>>>>
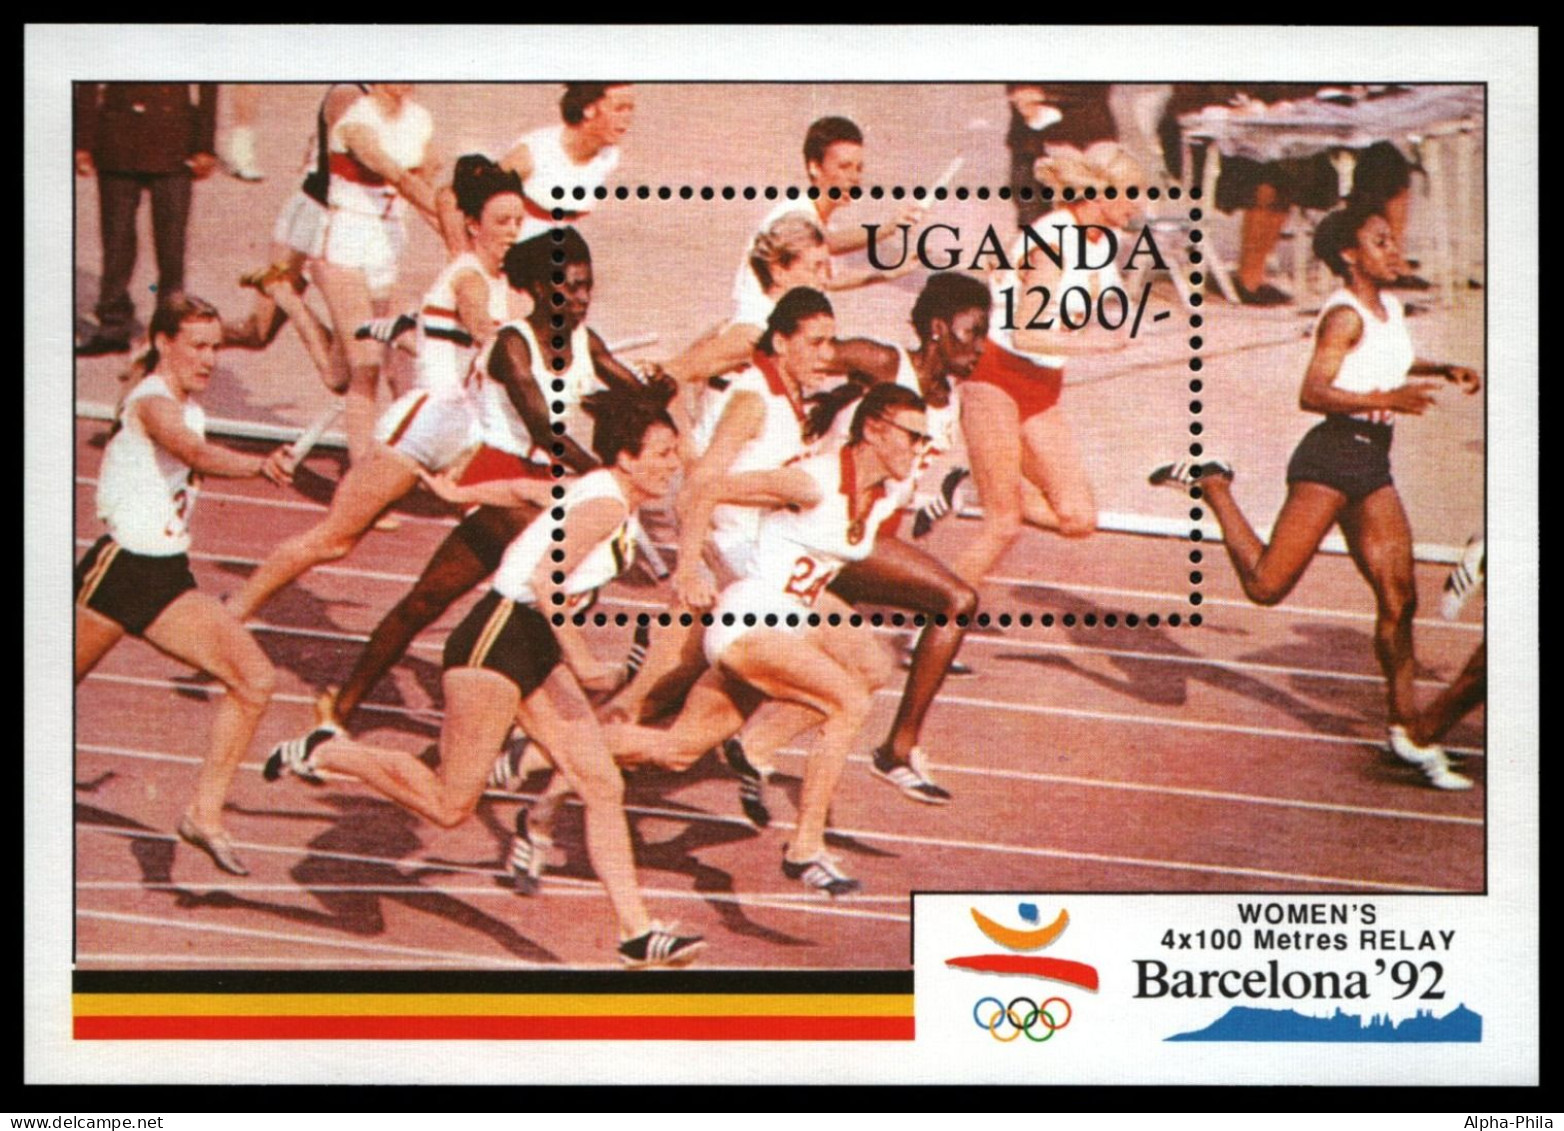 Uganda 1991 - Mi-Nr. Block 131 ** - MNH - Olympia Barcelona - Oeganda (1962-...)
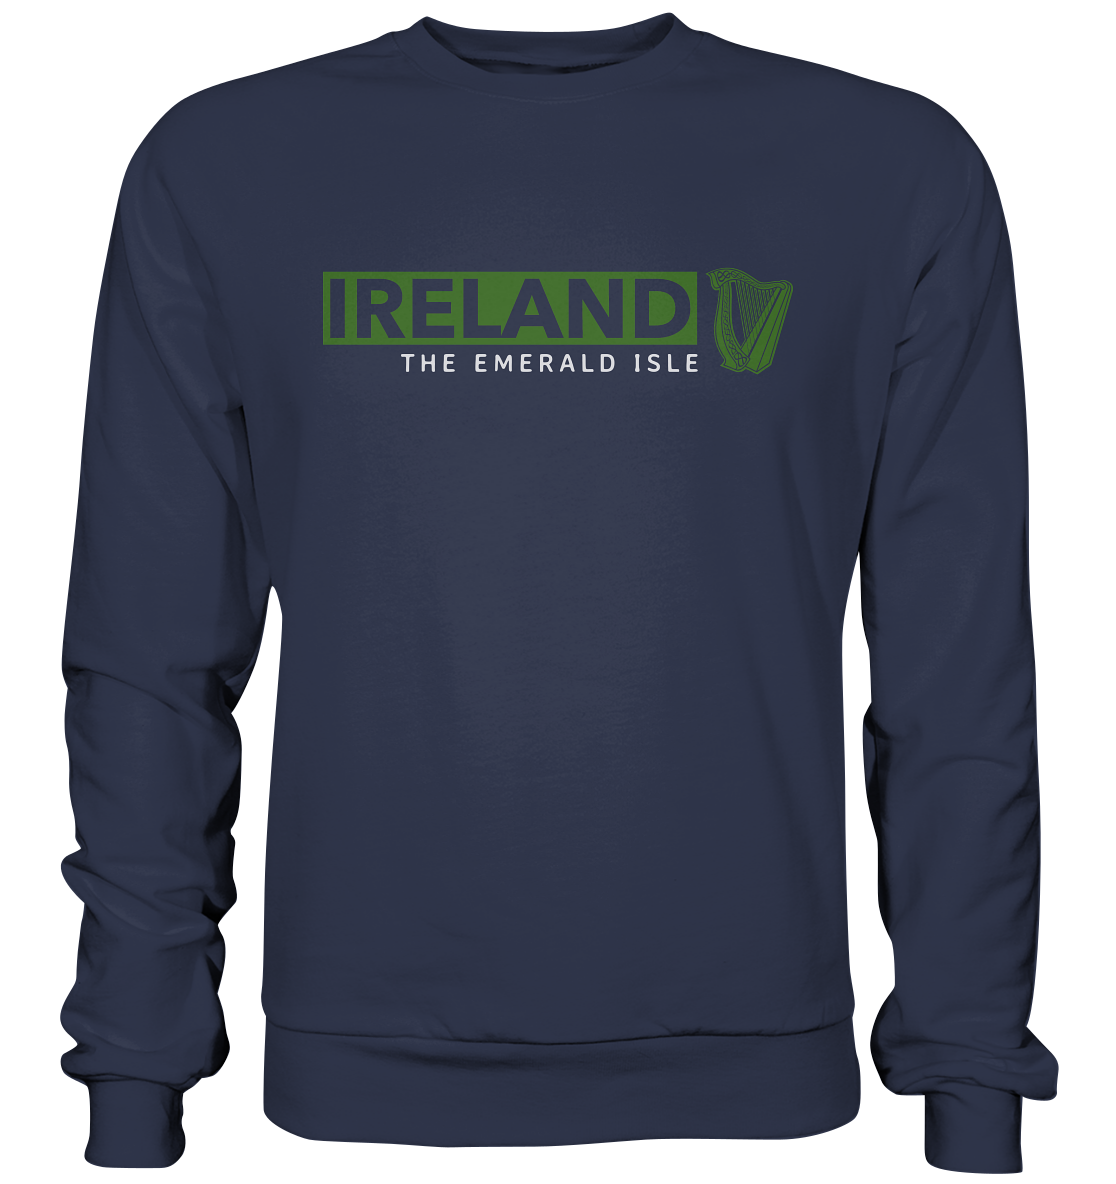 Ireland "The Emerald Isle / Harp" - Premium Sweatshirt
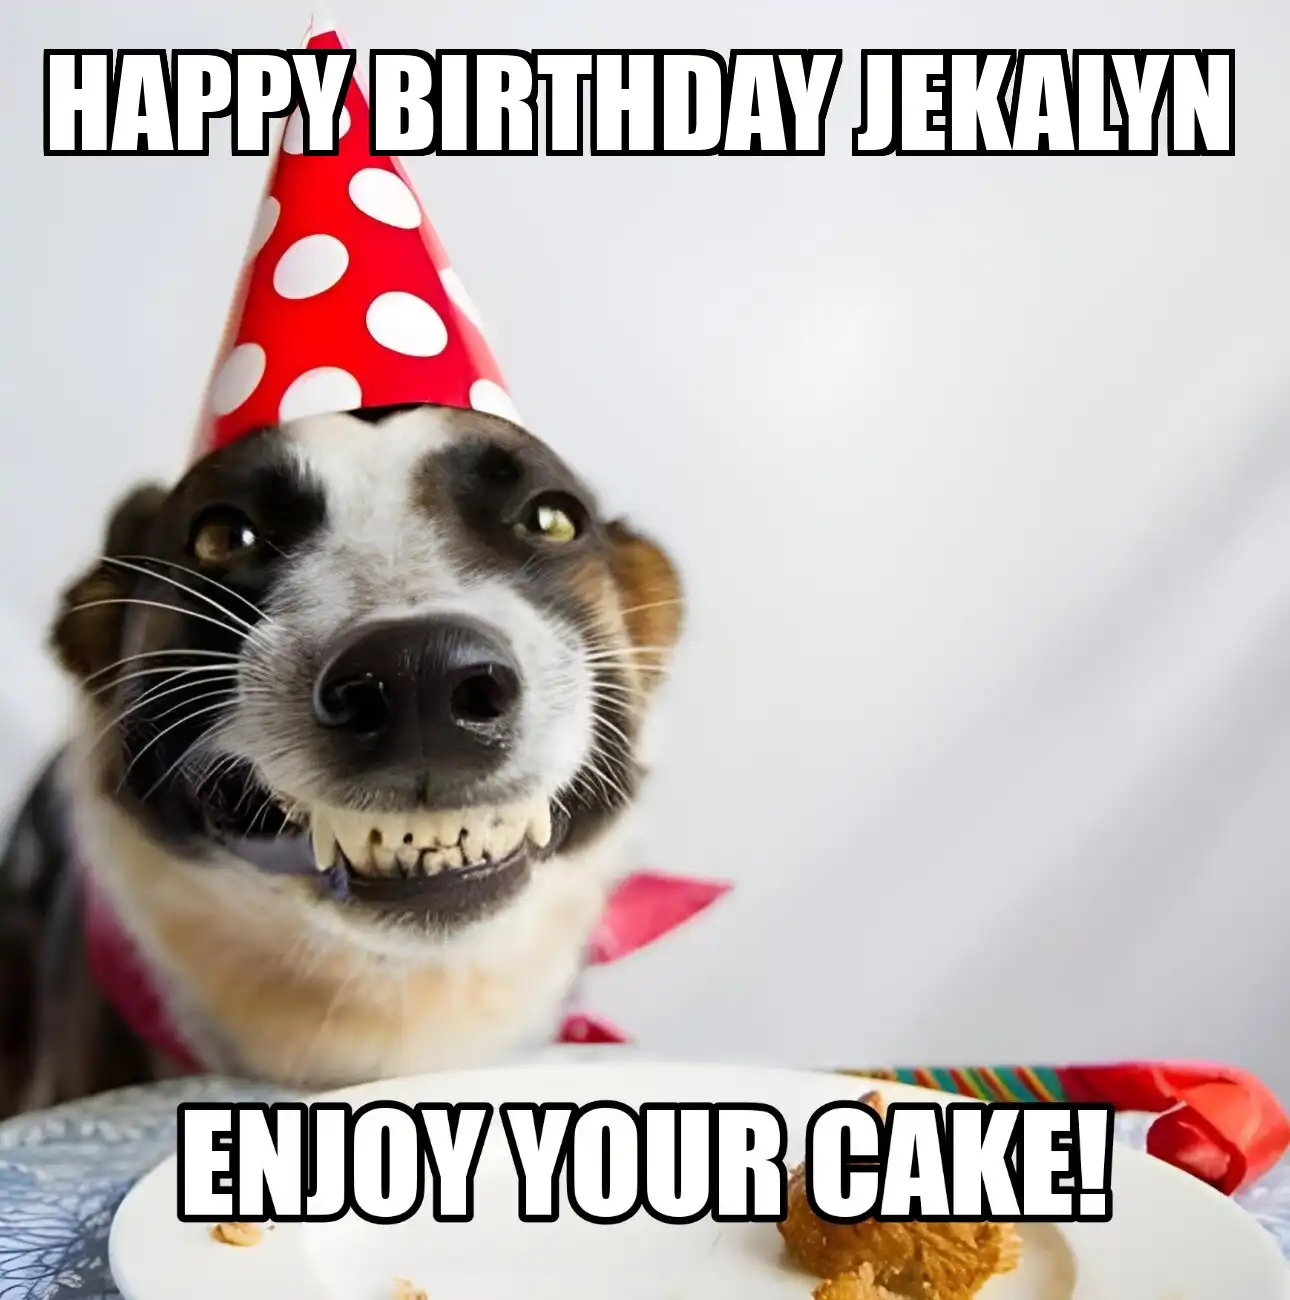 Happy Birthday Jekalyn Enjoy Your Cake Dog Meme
<<<<
▶ **Task instructions**: Without the pictures, repeat the listing exactly as it reads.

▶ **Your response**:
 Uganda 1991 - Mi-Nr. Block 131 ** - MNH - Olympia Barcelona - Oeganda (1962-...)
 Ireland "The Emerald Isle / Harp" - Premium Sweatshirt
 Happy Birthday Jekalyn Enjoy Your Cake Dog Meme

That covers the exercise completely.